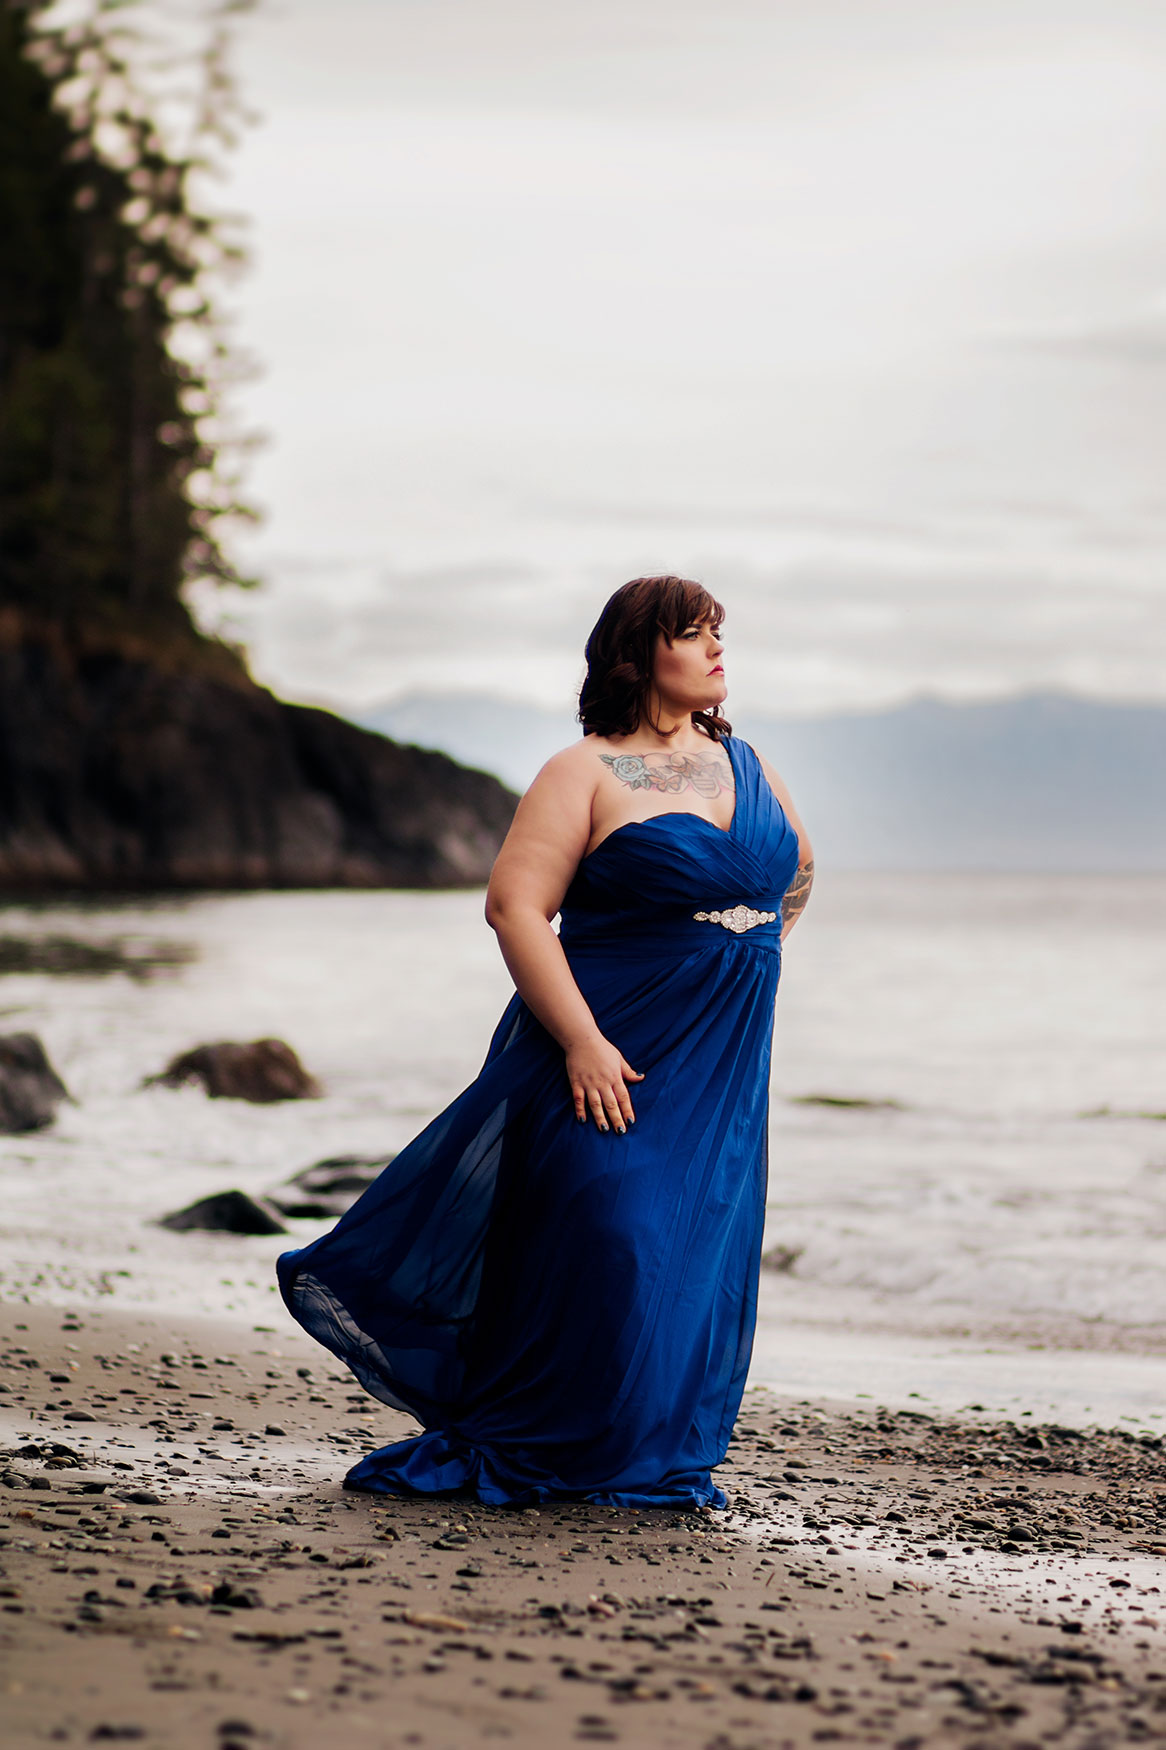 Vancouver-Island-Sea-Goddess-Moss-Photography-2.jpg
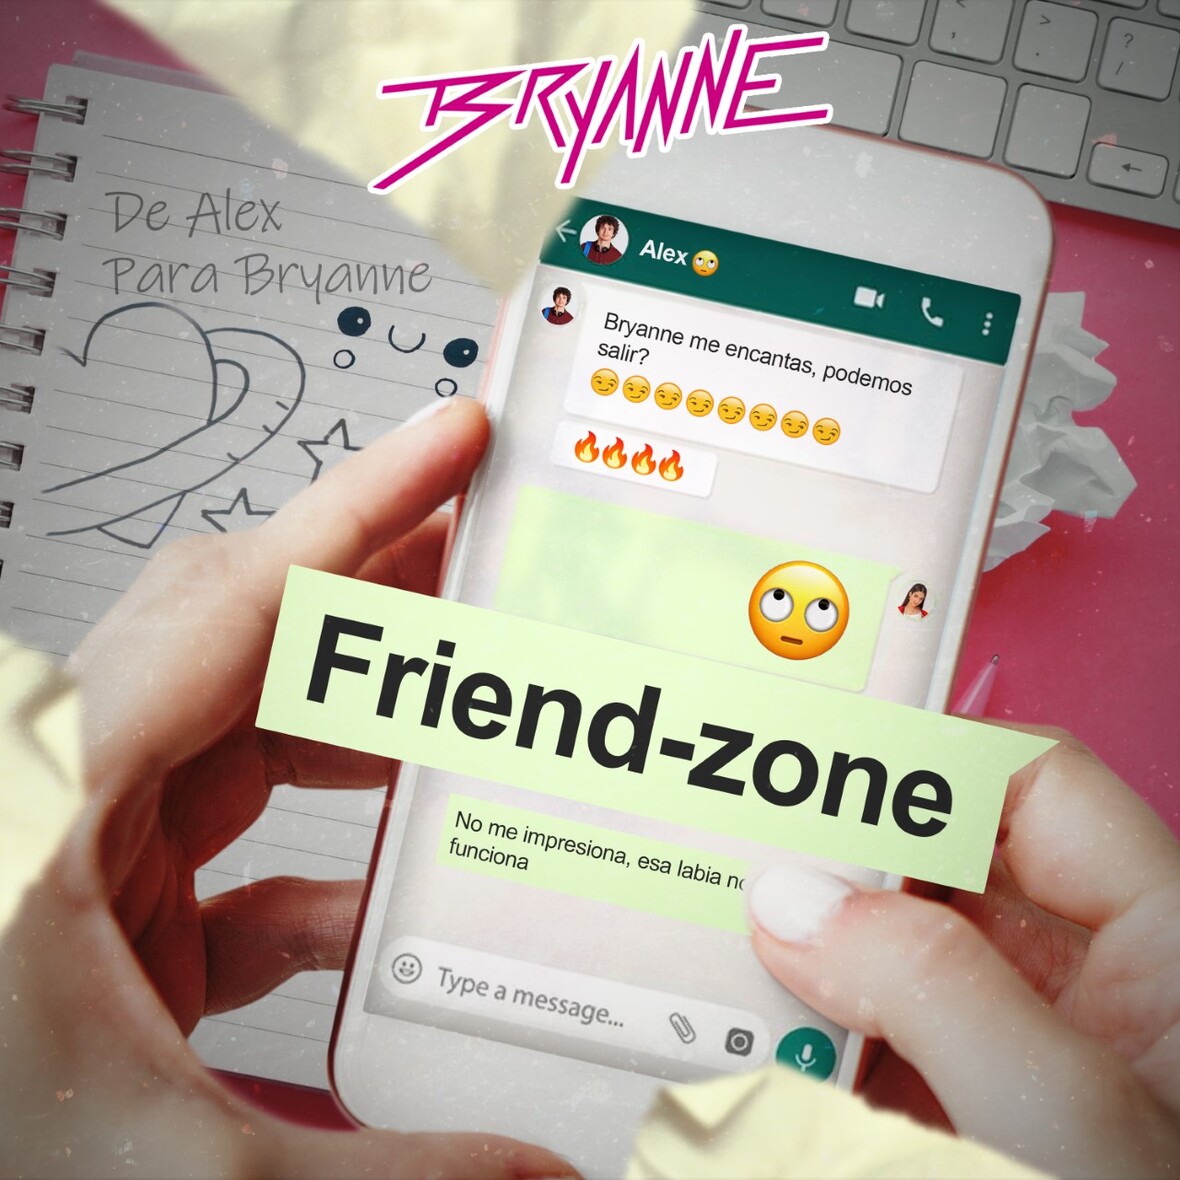 BRYANNE presenta nuevo sencillo “Friend-Zone”
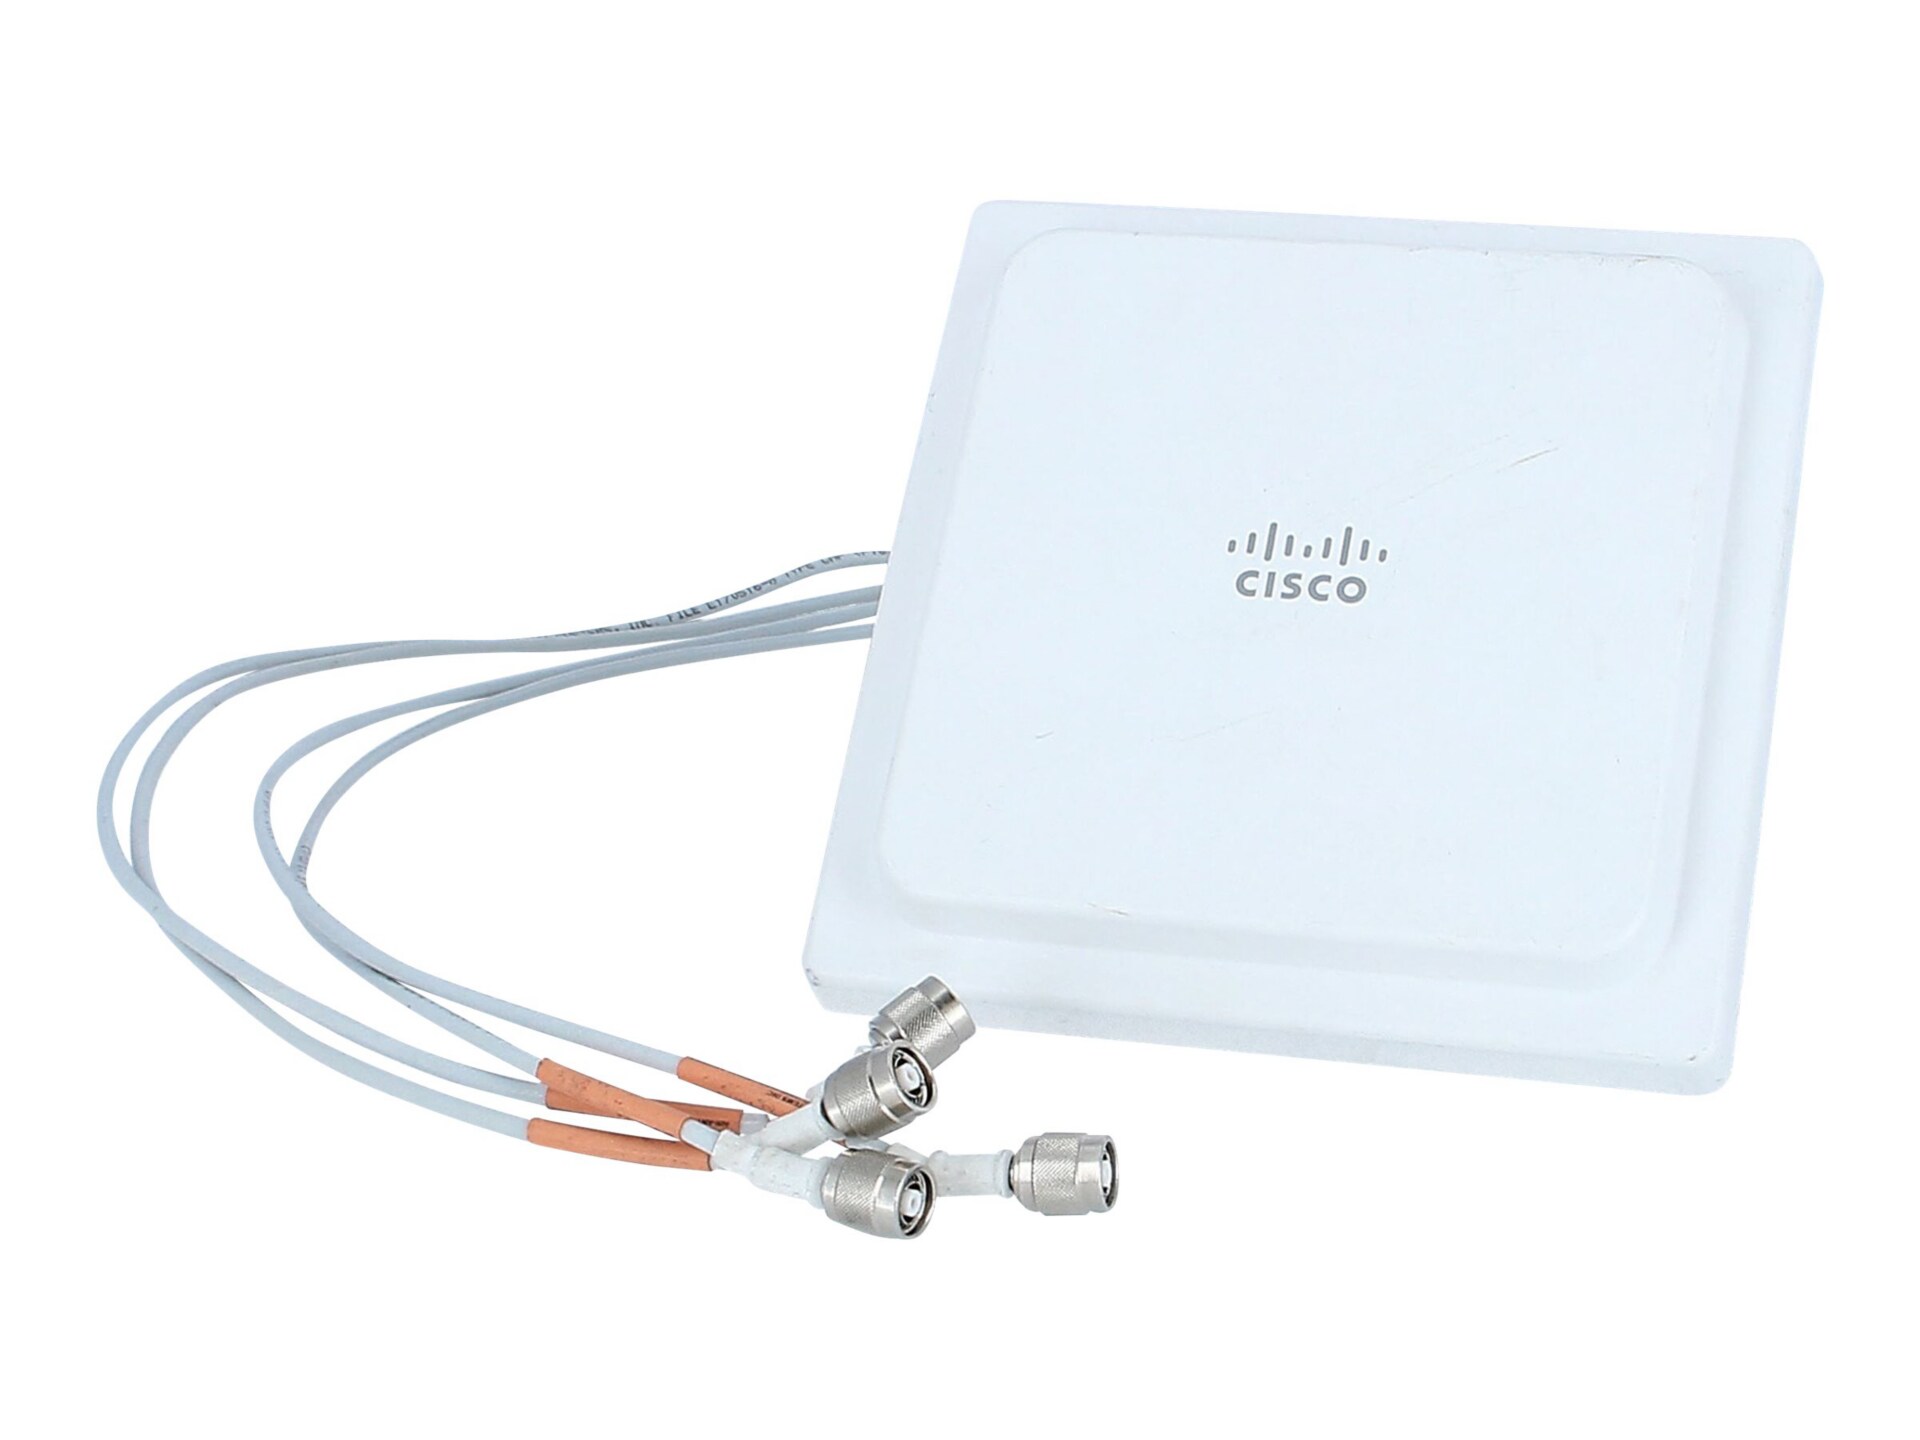 Cisco antenna
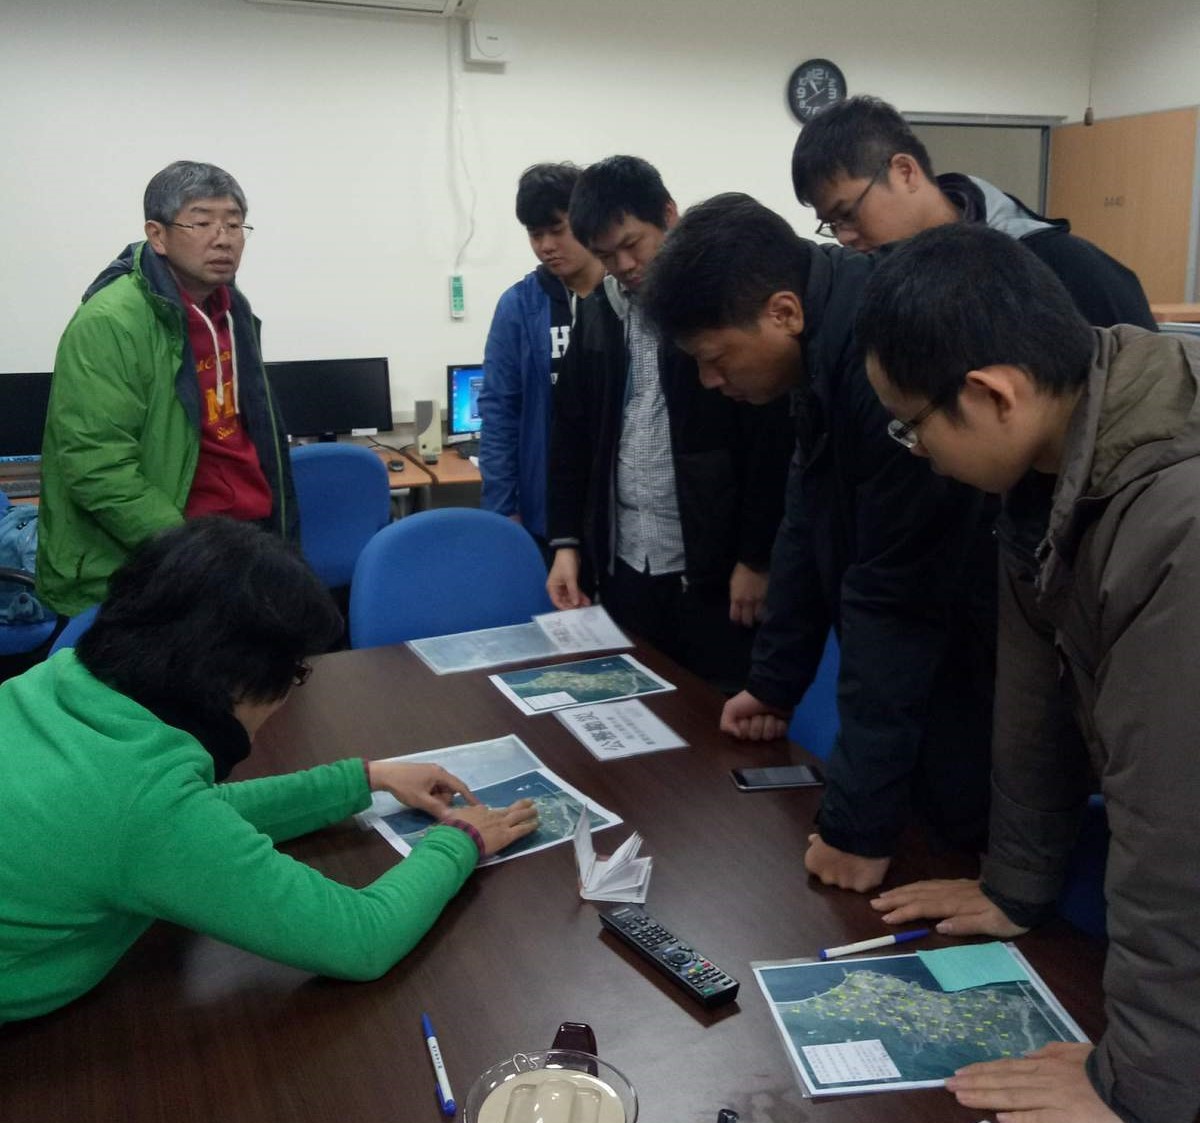 張文彥老師與學生研討地震問題

### Directions
Write out all the material above exactly, with no image carried over.

### Worked solution
 Vancouver-Island-Sea-Goddess-Moss-Photography-2.jpg
 BRYANNE presenta nuevo sencillo “Friend-Zone”
 Cisco antenna
 張文彥老師與學生研討地震問題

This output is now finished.